Using the records provided below, locate and copy each line that contains the word "River".

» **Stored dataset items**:
== == ==

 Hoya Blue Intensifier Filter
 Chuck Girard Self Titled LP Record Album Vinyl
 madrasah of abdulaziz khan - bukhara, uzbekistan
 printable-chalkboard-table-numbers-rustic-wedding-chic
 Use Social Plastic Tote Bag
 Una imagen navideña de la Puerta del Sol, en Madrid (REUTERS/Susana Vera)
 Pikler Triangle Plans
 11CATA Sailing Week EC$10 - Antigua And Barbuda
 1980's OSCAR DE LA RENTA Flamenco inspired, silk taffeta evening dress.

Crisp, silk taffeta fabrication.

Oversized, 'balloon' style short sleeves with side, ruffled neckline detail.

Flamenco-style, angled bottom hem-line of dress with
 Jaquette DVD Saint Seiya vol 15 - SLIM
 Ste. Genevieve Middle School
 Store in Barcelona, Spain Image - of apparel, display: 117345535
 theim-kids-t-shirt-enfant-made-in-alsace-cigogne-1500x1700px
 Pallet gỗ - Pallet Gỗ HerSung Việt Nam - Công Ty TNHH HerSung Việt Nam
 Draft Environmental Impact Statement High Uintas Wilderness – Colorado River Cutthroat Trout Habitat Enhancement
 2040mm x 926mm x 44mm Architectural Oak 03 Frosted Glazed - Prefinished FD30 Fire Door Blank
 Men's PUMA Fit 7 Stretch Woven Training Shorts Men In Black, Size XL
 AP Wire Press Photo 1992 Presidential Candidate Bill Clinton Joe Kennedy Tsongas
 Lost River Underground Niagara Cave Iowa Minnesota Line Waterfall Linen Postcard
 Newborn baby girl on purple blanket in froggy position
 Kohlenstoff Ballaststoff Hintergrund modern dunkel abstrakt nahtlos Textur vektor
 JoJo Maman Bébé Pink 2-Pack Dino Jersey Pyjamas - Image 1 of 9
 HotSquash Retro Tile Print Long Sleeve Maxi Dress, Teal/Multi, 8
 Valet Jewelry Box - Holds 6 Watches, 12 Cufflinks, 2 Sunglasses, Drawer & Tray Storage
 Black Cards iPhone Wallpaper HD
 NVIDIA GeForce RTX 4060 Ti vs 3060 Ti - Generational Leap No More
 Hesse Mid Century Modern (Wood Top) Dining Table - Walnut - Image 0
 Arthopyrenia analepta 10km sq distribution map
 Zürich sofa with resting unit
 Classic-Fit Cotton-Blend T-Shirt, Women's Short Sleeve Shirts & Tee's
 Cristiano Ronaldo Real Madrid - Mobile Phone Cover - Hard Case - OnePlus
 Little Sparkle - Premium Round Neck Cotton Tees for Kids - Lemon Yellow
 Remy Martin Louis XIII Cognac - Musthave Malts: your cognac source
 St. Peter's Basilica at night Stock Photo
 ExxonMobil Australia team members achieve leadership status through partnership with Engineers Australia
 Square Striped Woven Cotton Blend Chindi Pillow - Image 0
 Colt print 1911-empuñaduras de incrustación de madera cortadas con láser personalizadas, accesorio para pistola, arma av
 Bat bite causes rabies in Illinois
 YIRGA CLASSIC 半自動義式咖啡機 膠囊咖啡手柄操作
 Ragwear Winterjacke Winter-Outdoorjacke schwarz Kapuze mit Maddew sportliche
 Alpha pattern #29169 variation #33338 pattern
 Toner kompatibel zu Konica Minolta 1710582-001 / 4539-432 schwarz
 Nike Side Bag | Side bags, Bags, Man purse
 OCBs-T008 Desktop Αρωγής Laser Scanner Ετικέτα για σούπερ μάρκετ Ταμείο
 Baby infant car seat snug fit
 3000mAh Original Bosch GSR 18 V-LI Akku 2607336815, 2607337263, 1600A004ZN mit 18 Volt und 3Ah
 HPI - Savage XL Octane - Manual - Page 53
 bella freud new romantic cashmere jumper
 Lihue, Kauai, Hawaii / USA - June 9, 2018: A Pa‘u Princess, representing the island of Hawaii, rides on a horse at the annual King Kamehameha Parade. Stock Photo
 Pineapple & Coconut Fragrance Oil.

== == ==

» **EXERCISE RESPONSE**:
 Draft Environmental Impact Statement High Uintas Wilderness – Colorado River Cutthroat Trout Habitat Enhancement
 Lost River Underground Niagara Cave Iowa Minnesota Line Waterfall Linen Postcard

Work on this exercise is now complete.